Emotional Resilience: Can we learn to be optimistic?
Our ability to adapt to stressful situations and life events also known as our emotional resilience, is influenced by many factors including biological variables, self awareness and regulation, mental agility, optimism, flexibility and relationships. Elevate offer a series of resilience workshops which look at all of these factors in detail. One of the most popular workshops amongst the series is the Learned Optimism workshop – our Founder Lucy Faulks shares her top three take away tips below.
Optimism is defined as a hopefulness and confidence about the future and success of things. Optimists have an expectancy that outcomes and the future are likely to be positive. This is in stark contrast to pessimists, who have a sense of doubt and hesitancy about the future, characterised by their anticipation of negative outcomes and a stormy future.

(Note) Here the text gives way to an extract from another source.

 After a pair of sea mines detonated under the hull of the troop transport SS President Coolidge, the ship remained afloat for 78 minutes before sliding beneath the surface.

It won’t surprise you to hear that optimists live on average 15 years longer than pessimists. They’re also more resilient and adapt better to negative events, tend to give up less and enjoy better physical health than pessimists. Lucky them! But what if you’re not a naturally optimistic person? What can you do to help boost your outlook and reap some of the benefits optimists do?
1. MONITOR YOUR THOUGHTS. The key to learned optimism is carefully monitoring and recognising your thoughts. Once a negative thought is detected, try to consciously dispute that thought and look at possible alternative outcomes. This is also a real-time resilience skill which can help us respond (in real-time) to adversity more effectively. You can use sentence starters such as “A more helpful way to see this is…”, “that’s not true because…” and “If X does happen then I will Y…” to challenge these counterproductive thoughts.

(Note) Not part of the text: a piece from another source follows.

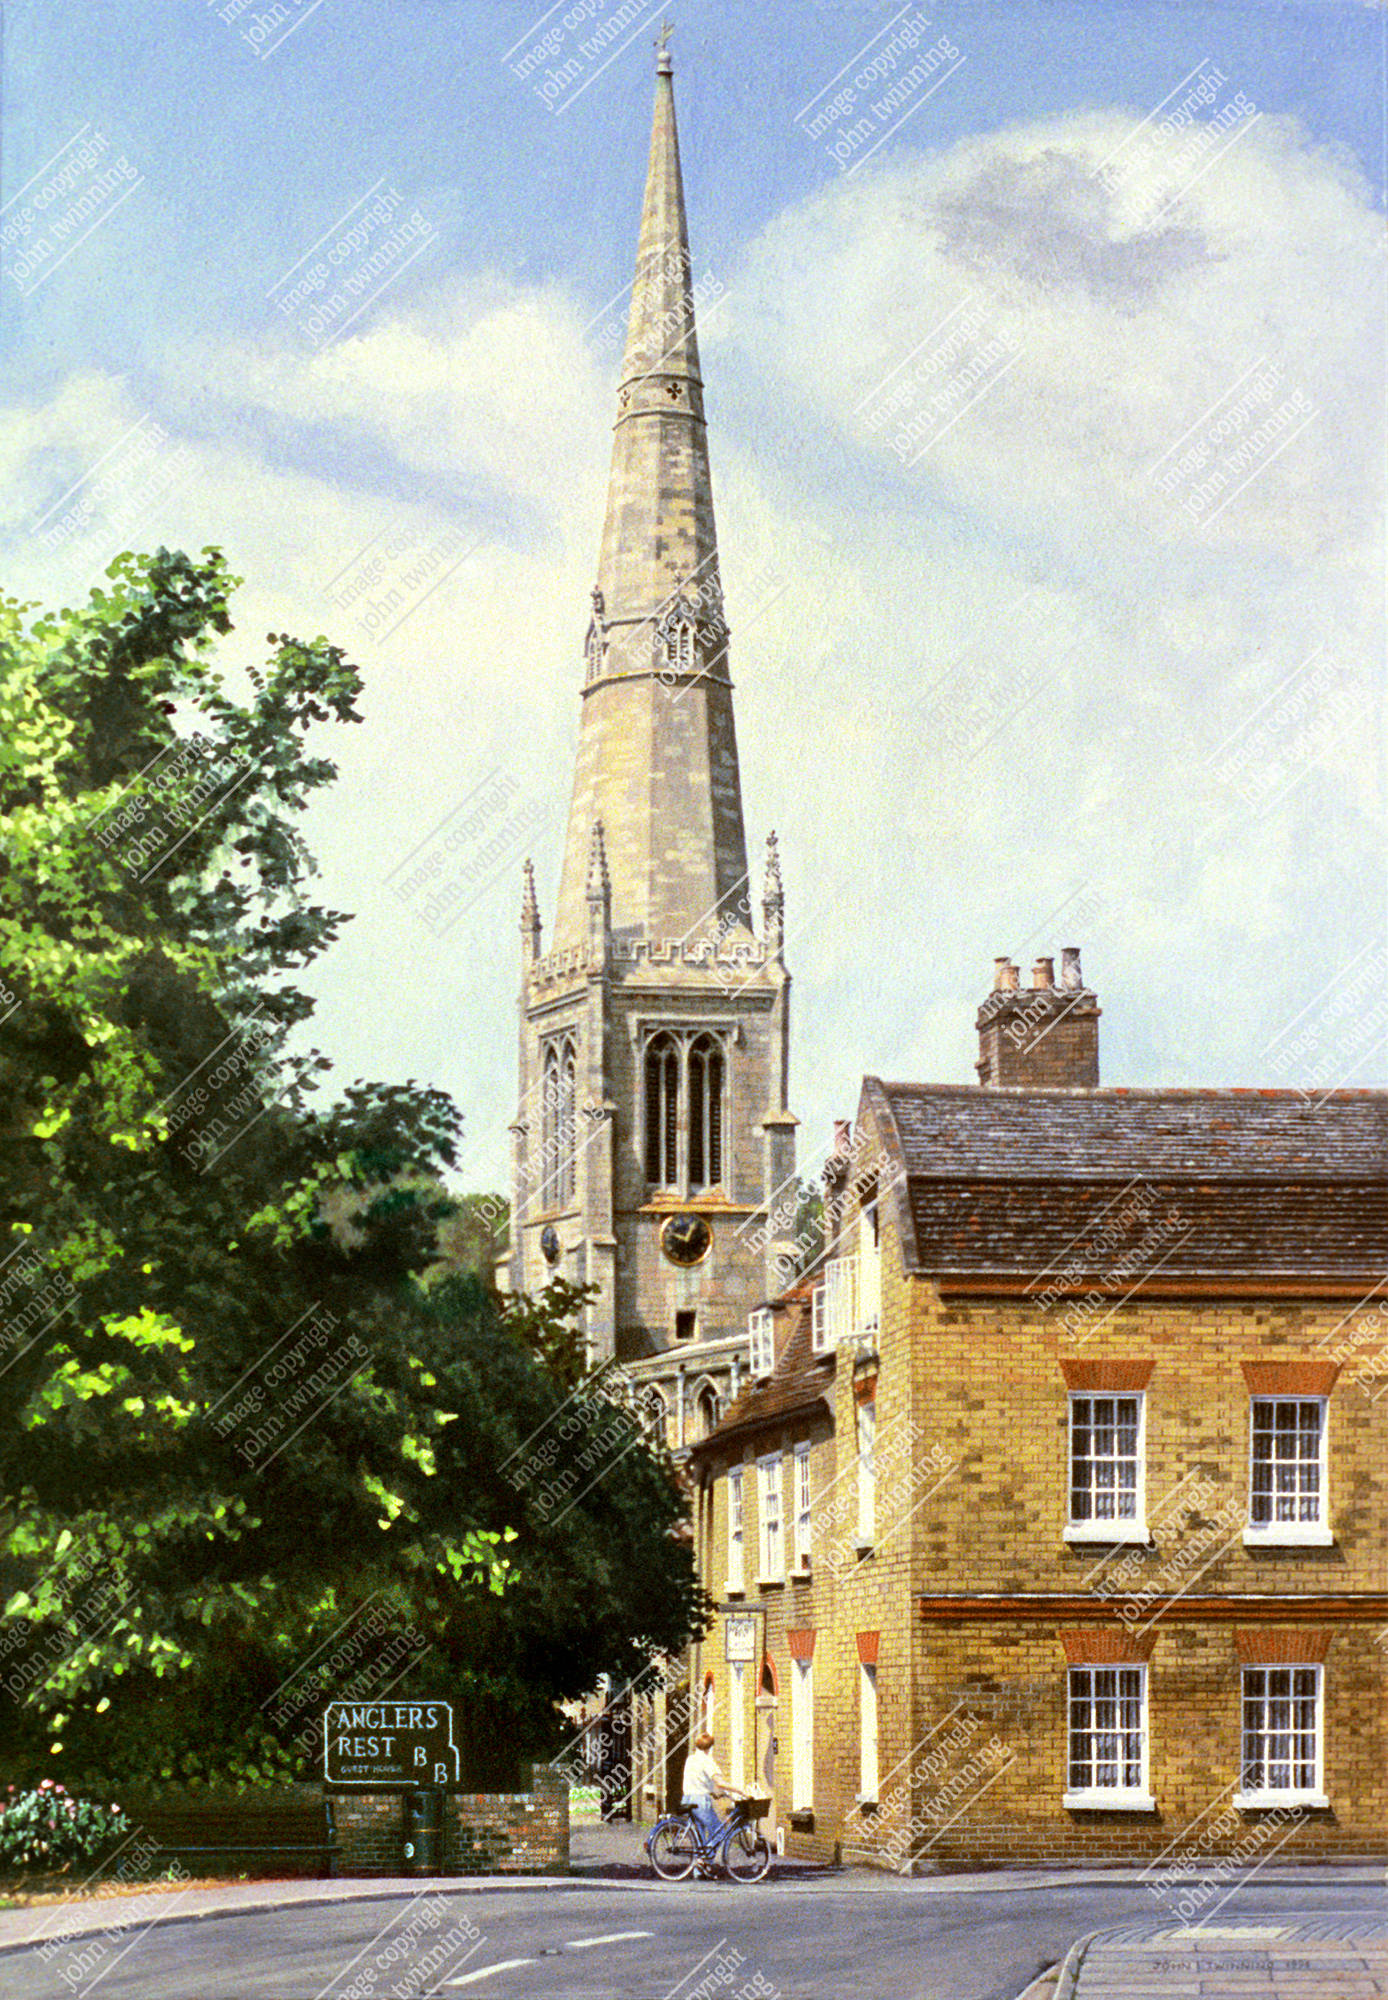 'The Parish Church And Angler's Rest, St. Ives' - art print from a painting of this cambridgeshire market town's parish church

2. CHANGE YOUR EXPLANATORY STYLE. Optimism isn’t just the tendency to expect things to turn out well, but also the way we think about the causes of adversity or the way we interpret both good and bad events in our lives e.g. our explanatory style.
For example, if a good event is experienced an optimist would show an ‘internal, permanent and universal’ explanatory style but a pessimist would be showing an ‘external, temporary and specific’ explanatory style. To put that into layman’s terms, an optimist sees the event as in their control (internal), an indication of future behaviour (it’s likely to happen again – permanent) and doesn’t generalise the event (it’s universal). Where as a pessimist sees it as out of their control (external), not a indication of future behaviour (temporary) and as a one off (specific). So by changing our explanatory style and seeing good events as internal, permanent and universal we can begin to build a more optimistic outlook and positive view of the future.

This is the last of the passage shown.